Attorney-General v Kamiar

JurisdictionIsrael
Date09 June 1968
CourtSupreme Court (Israel)
Israel, Jerusalem District Court.
Supreme Court sitting as the High Court of Justice.
Jerusalem District Court.
Supreme Court.
Supreme Court sitting as the Court of Criminal Appeals.

(Baker, President.)

(Berinson, Witkon and Halevi JJ.)

(A. F. Landau J).

(Agranat, President.)

(Agranat, President; M. Landau, Berinson, Cohen and Halevi JJ.)

The Attorney-General of Israel
and
Kamiar.

The individual in international law Extradition Conditions of Extraditable crimes Evidence What must be proved What evidence is admissible Purpose of authentication of evidence Double criminality The law of Israel.

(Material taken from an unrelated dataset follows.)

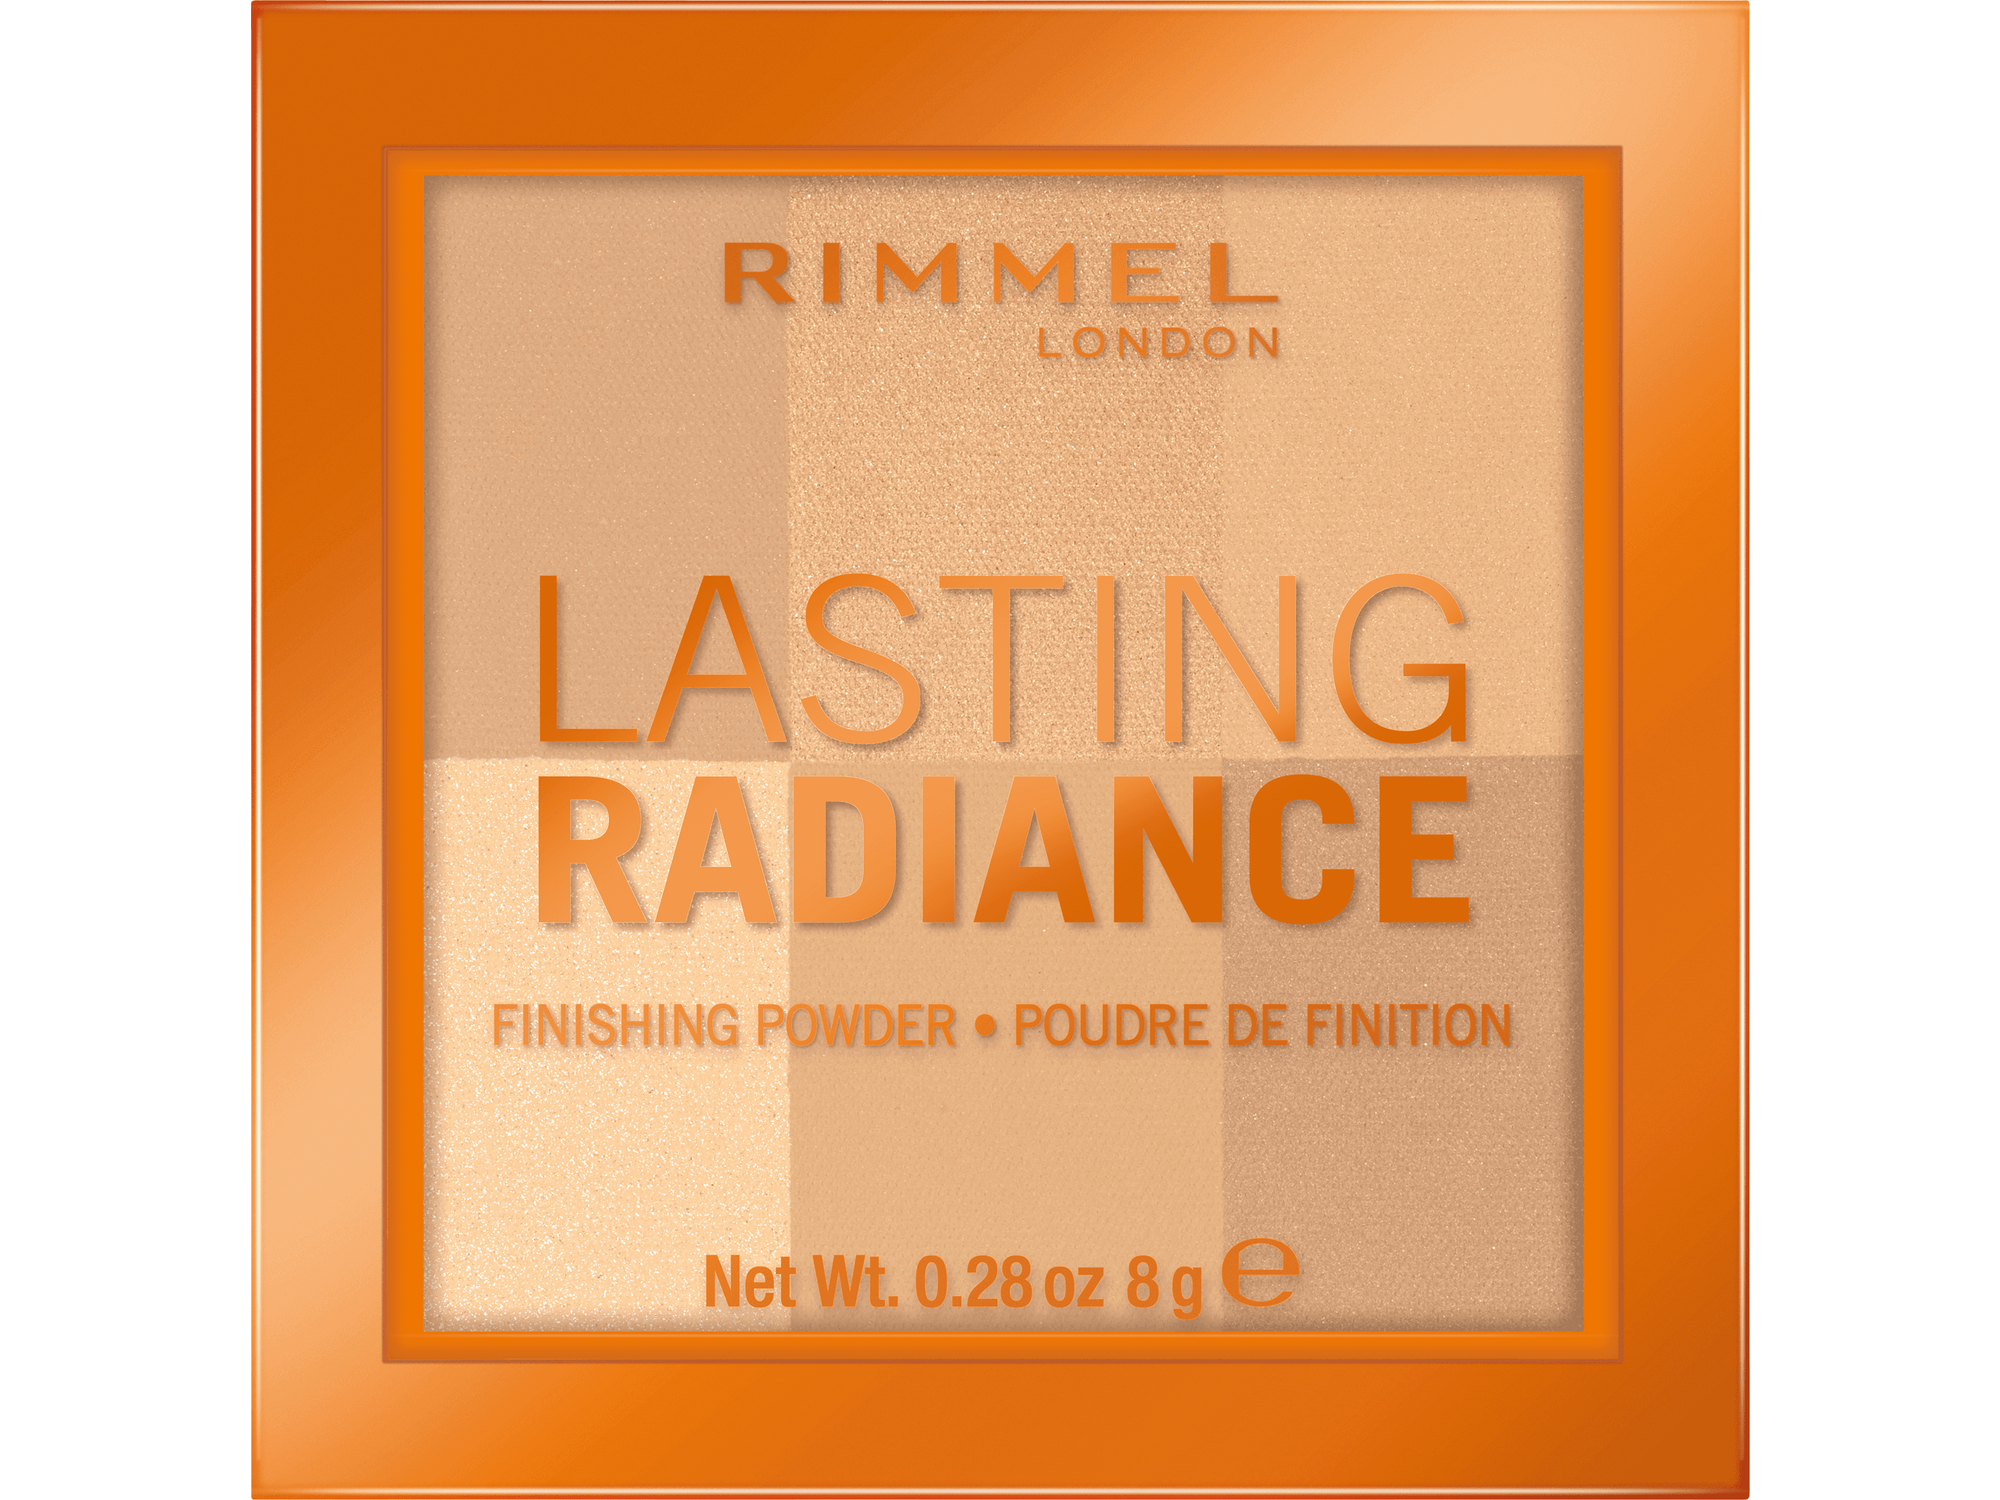 RIMMEL puder v kamnu Lasting Radiance 01 Ivory
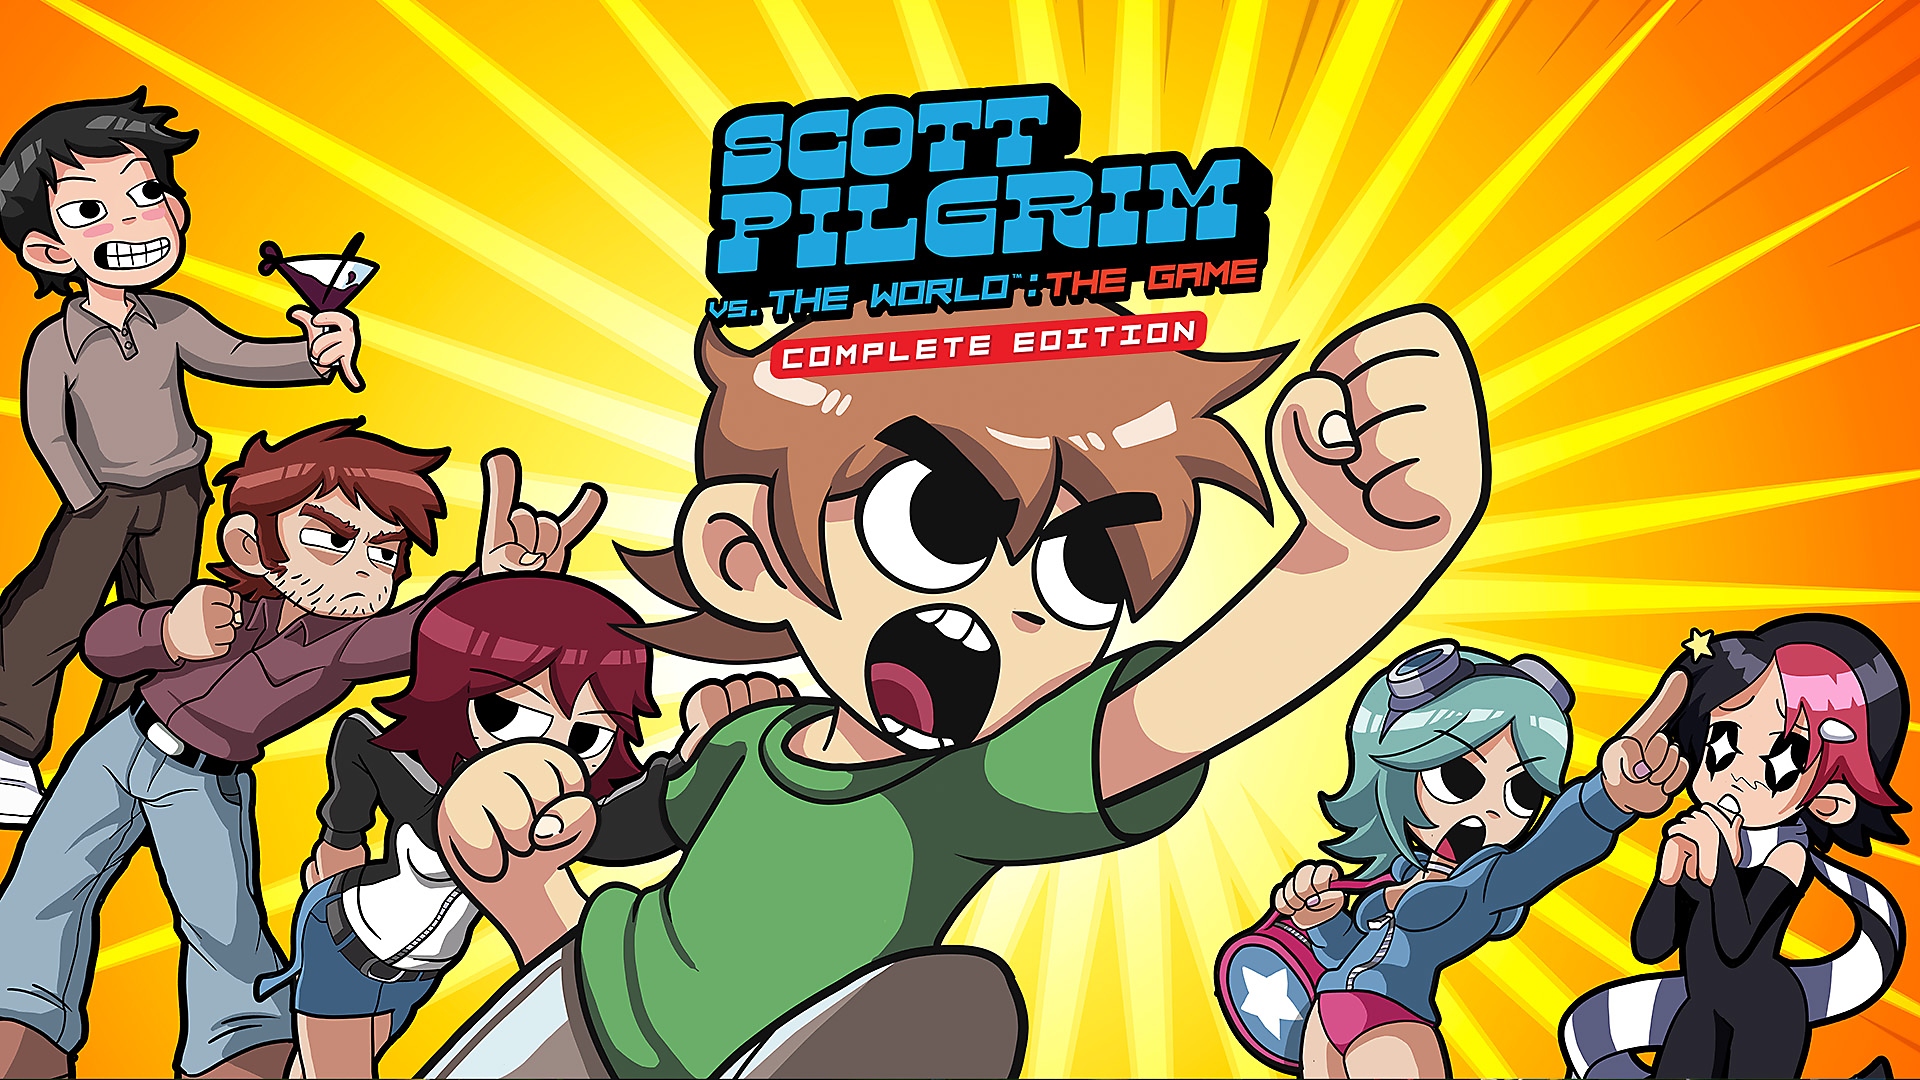 مقطع فيديو للعبة Scott Pilgrim

Treaties Conclusion and operation of Constitutional limitations Which organ of State of Israel authorized to conclude treaties The law of Israel.

Treaties Conclusion and operation of Ratification Entry into force Whether Israel-Switzerland Extradition Convention, 1958, in force Whether statement of Israel Ministry for Foreign Affairs conclusive Whether determined by international law Whether determined by Israeli constitutional law Whether determined by Israeli law of contract Signature Full powers Whether Israeli Ambassador possessing full powers signed by Minister for Foreign Affairs authorized to sign treaty Ratification by Israeli Government Whether authorized Ostensible authority Estoppel Intention of Parties Meaning of term ratification Relevance of statement of practice in ratification of treaties published in United Nations Legislative Series Which organ of State of Israel authorized to conclude and ratify treaties Whether ratification would cure defect in signature The law of Israel.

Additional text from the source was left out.